To do:
Nothing should appear in the answer except the lines below from the line containing "Weihnachtsmann, Weihnachten, Schneemann, Cartoon, Illustration." through the line containing "В данном видео", copied exactly, with pictures left out.

Exercise data:
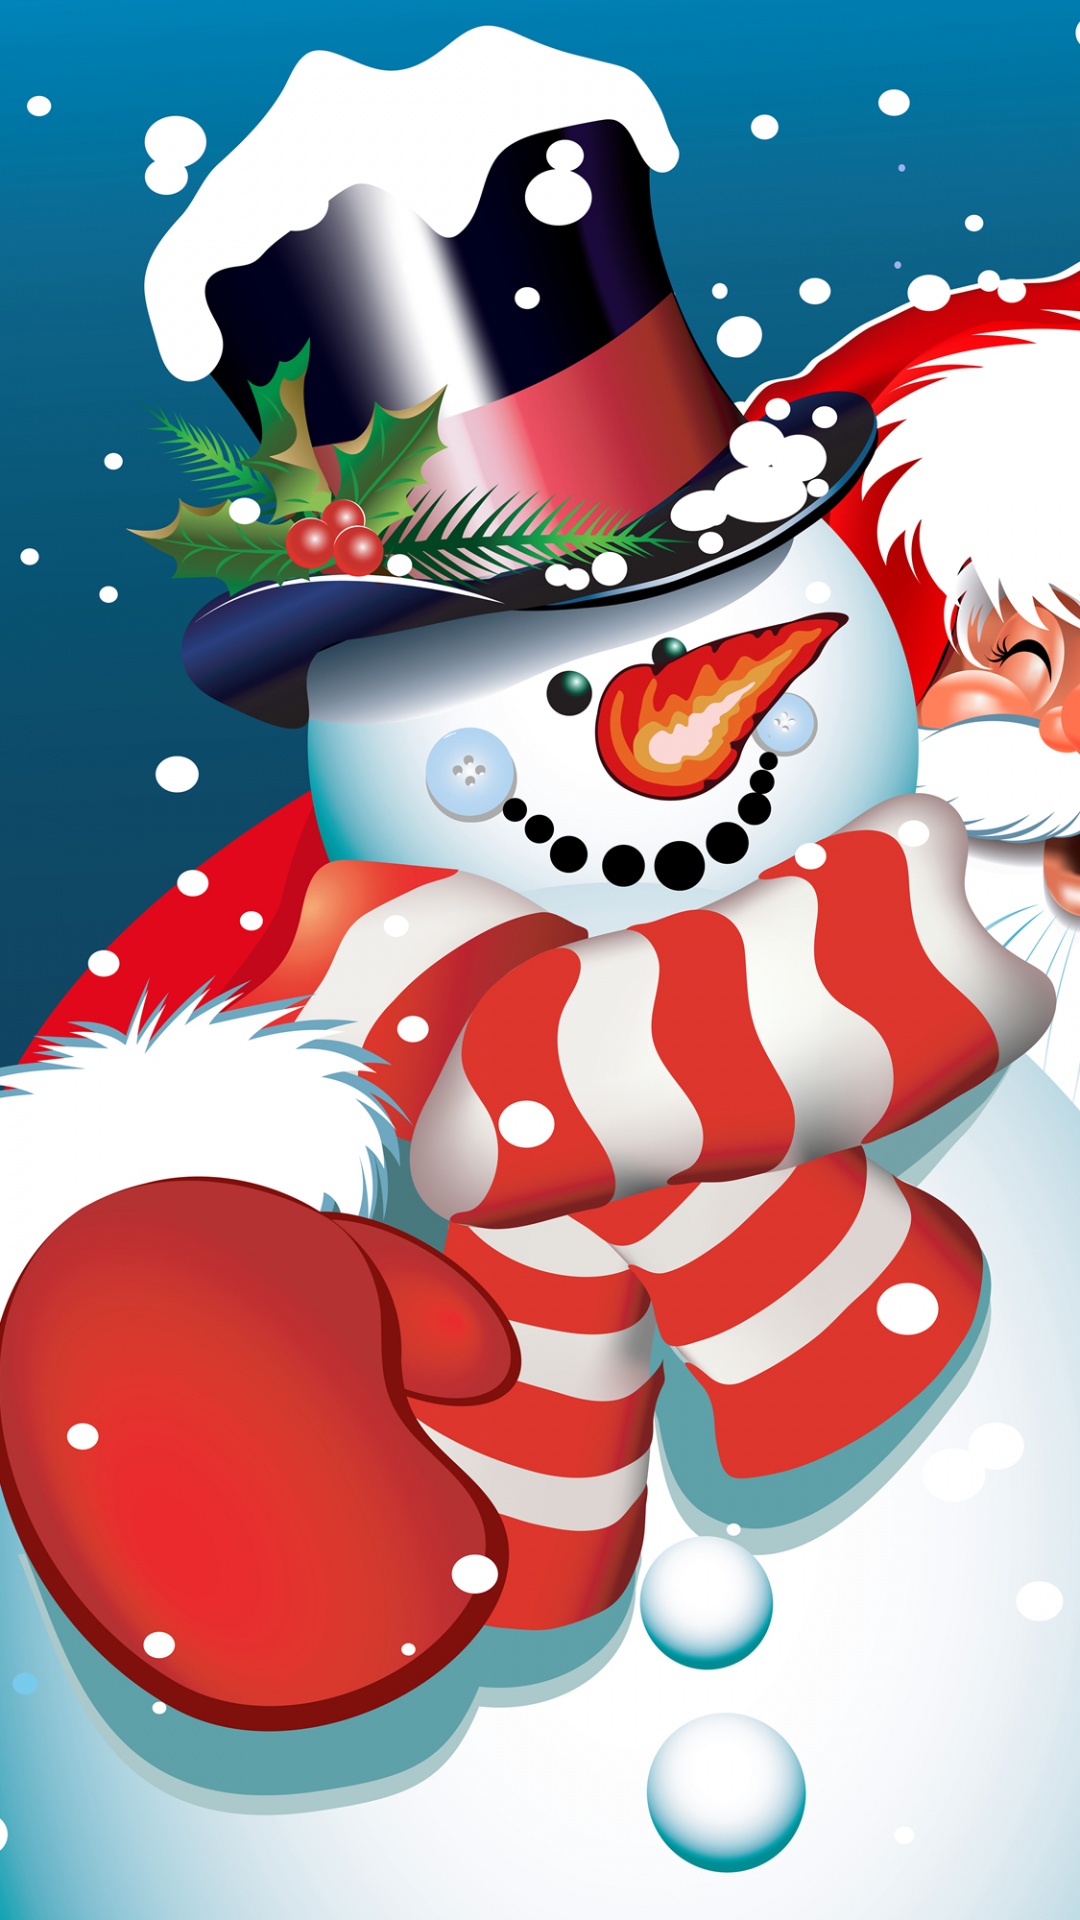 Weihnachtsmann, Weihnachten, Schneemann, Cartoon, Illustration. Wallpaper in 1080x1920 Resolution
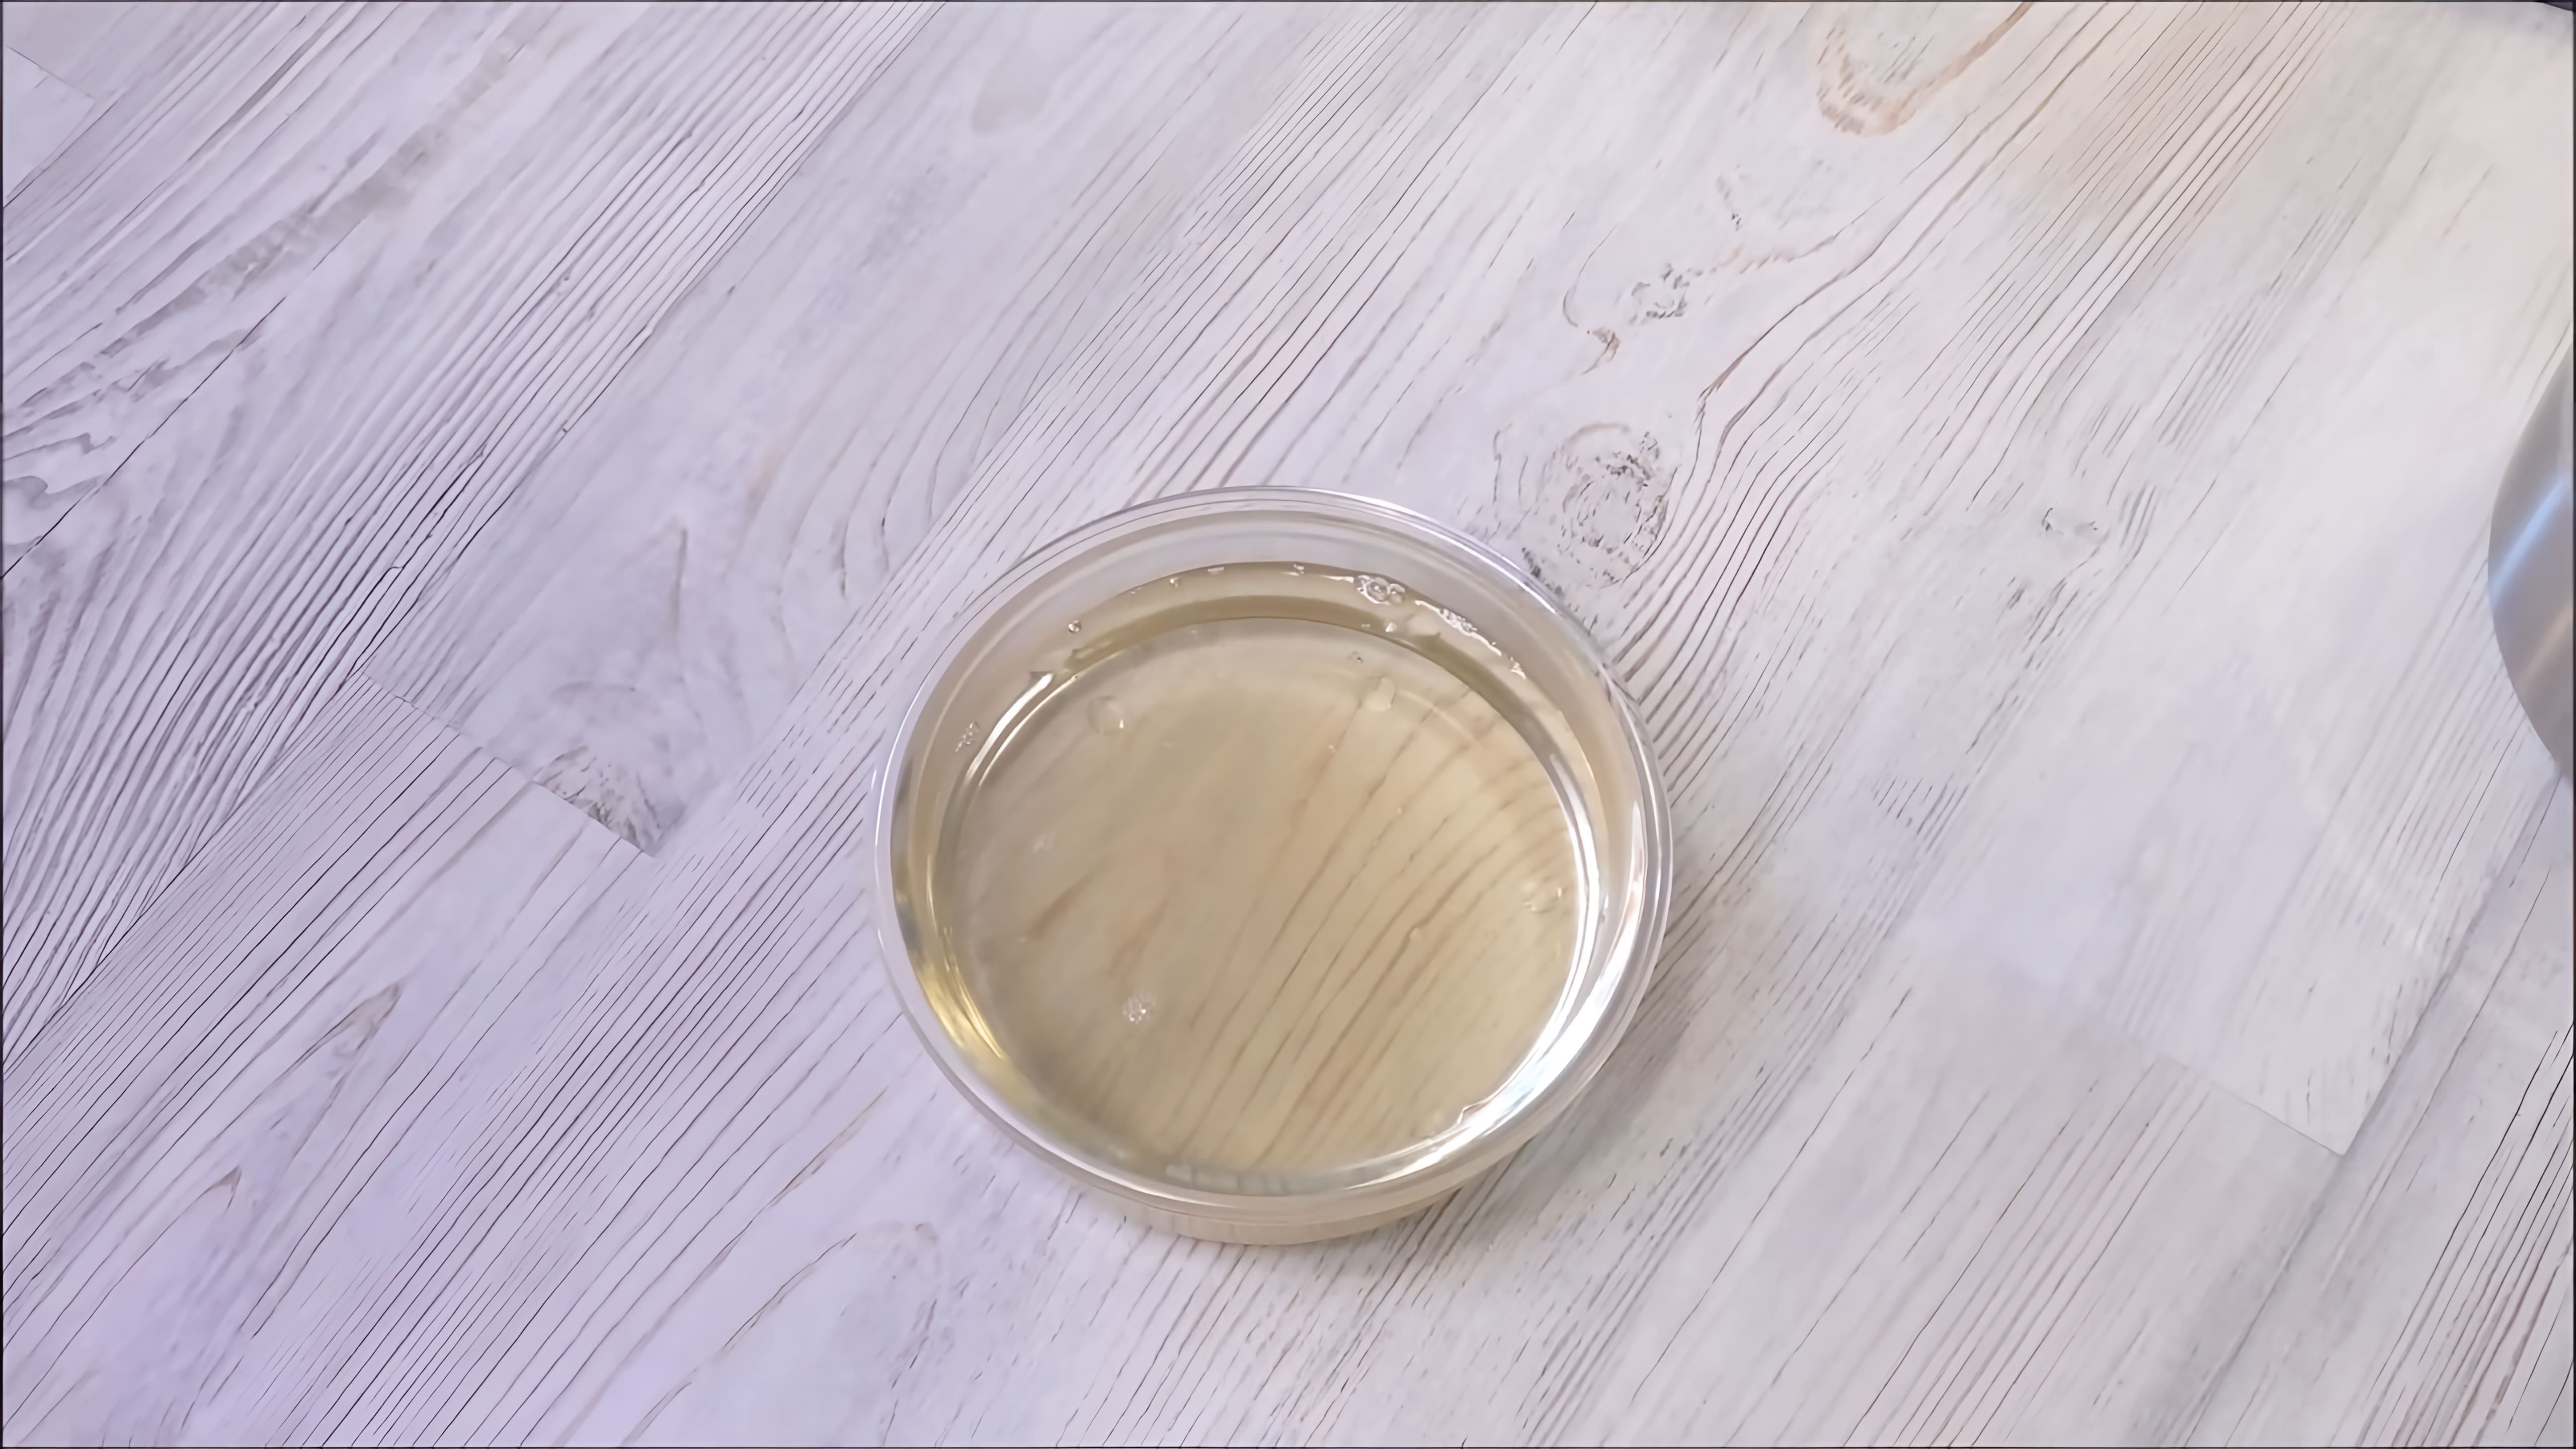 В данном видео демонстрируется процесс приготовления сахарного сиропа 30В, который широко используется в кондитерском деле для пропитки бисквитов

* * *

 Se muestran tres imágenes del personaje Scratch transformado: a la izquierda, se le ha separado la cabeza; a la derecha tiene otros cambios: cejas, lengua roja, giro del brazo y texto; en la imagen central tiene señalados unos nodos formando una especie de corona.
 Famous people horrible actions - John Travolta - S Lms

Output of the task:
 Weihnachtsmann, Weihnachten, Schneemann, Cartoon, Illustration. Wallpaper in 1080x1920 Resolution
 В данном видео демонстрируется процесс приготовления сахарного сиропа 30В, который широко используется в кондитерском деле для пропитки бисквитов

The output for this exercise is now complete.